Em 2018, foi fundada a Public Art Fund A Empire State Development e a Vornado Realty Trust contrataram a empresa para liderar o desenvolvimento de um ambicioso programa de arte para o novo Moynihan Train Hall. O objetivo era expressar o espírito singular da estação ferroviária mais movimentada do Hemisfério Ocidental, bem como sua rica relação com o passado, o presente e o futuro da cidade de Nova York. Trabalhando com o Comitê de Seleção do Programa de Arte do Moynihan Train Hall, Public Art Fund Convidou uma série de artistas para desenvolver propostas específicas para o local, a partir das quais o Comitê de Seleção de Arte escolheu encomendar instalações permanentes de três artistas.
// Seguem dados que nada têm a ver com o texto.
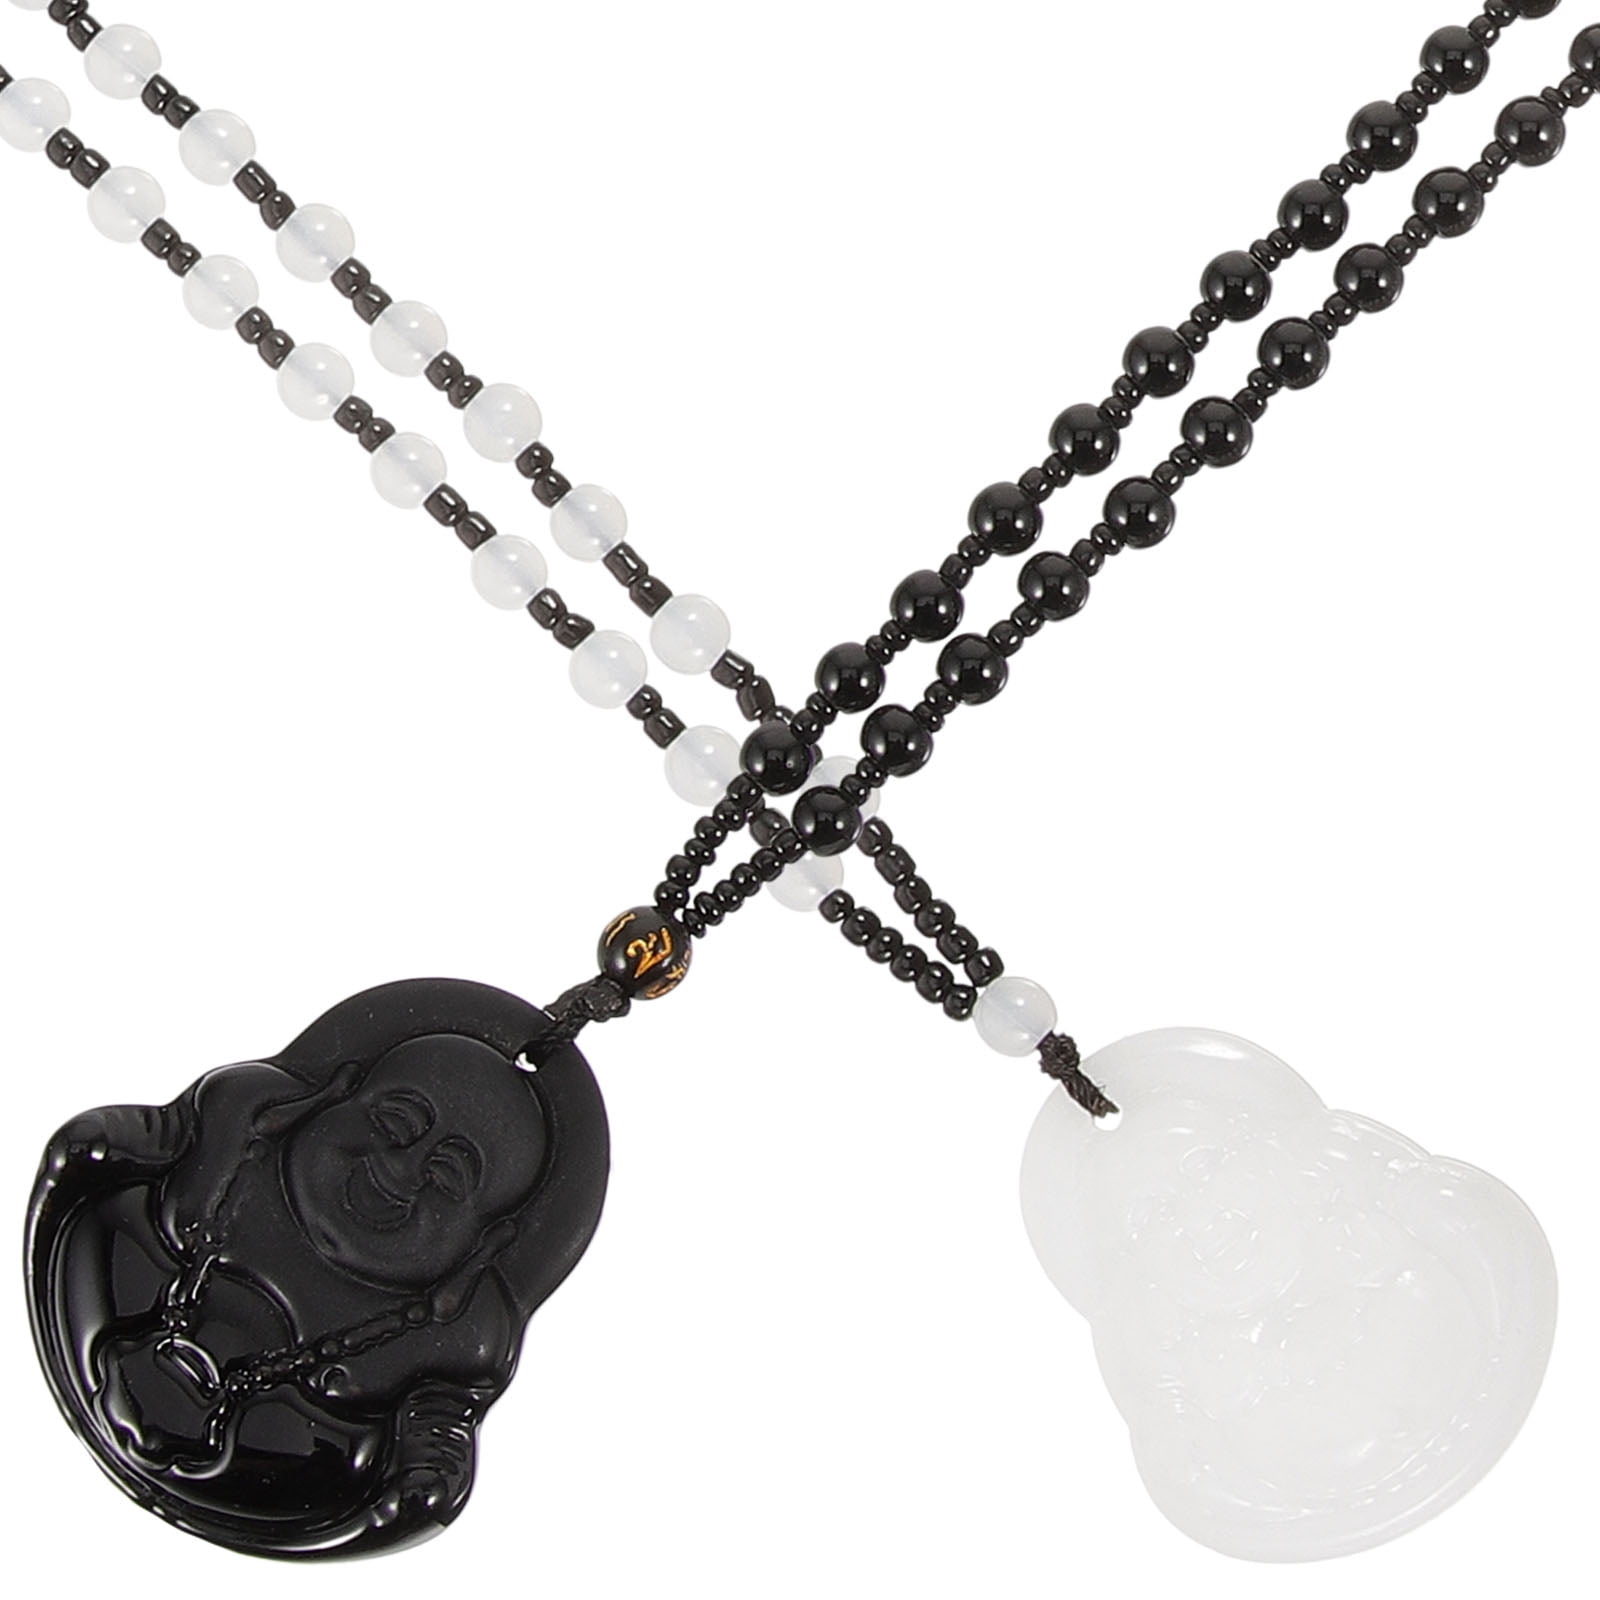 Buy Black Mala Necklace Buddha Necklace Japa Mala Mala Beads 108 Lava  Necklace Karma Necklace Anxiety Necklace Yoga Lover Gift Diffuser Necklace  Online in India - Etsy
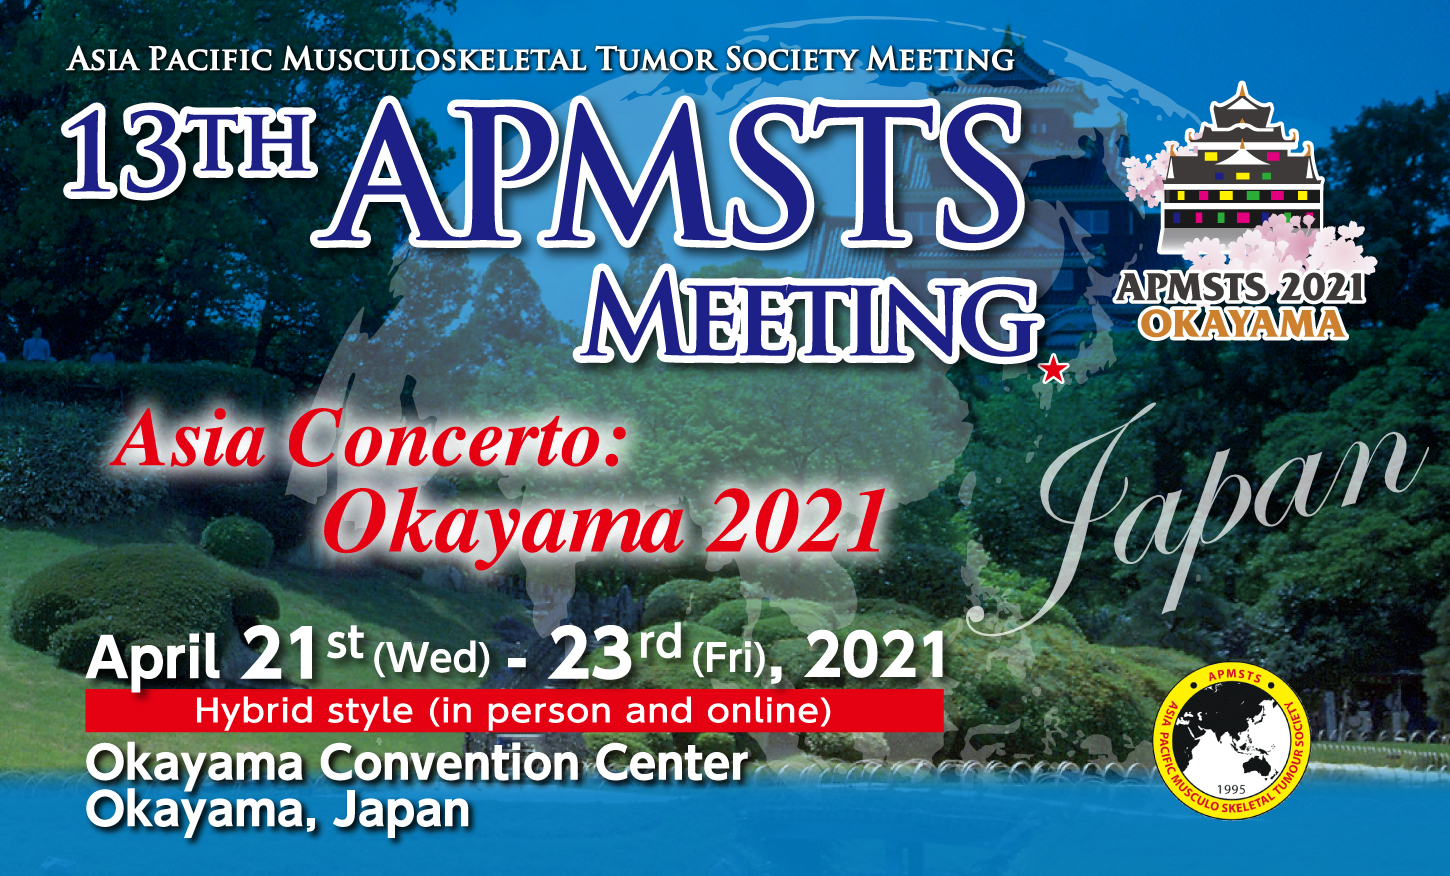 The 13th Asia Pacific Musculoskeletal Tumor Society Meeting

Inaugurado em janeiro de 2021, o Moynihan Train Hall estabeleceu um novo padrão para a arte pública contemporânea em um espaço cívico histórico. As três instalações de arte inéditas, criadas especificamente para o local por Stan Douglas, a dupla de artistas Elmgreen & Dragset e Kehinde Wiley, servem como um testemunho da criatividade, diversidade e rica herança de Nova York. Oferecendo ao público uma nova perspectiva sobre a história e a grandiosidade da antiga Pennsylvania Station e do Correio James A. Farley, as obras de arte trazem um senso de admiração e humanidade a esses espaços públicos.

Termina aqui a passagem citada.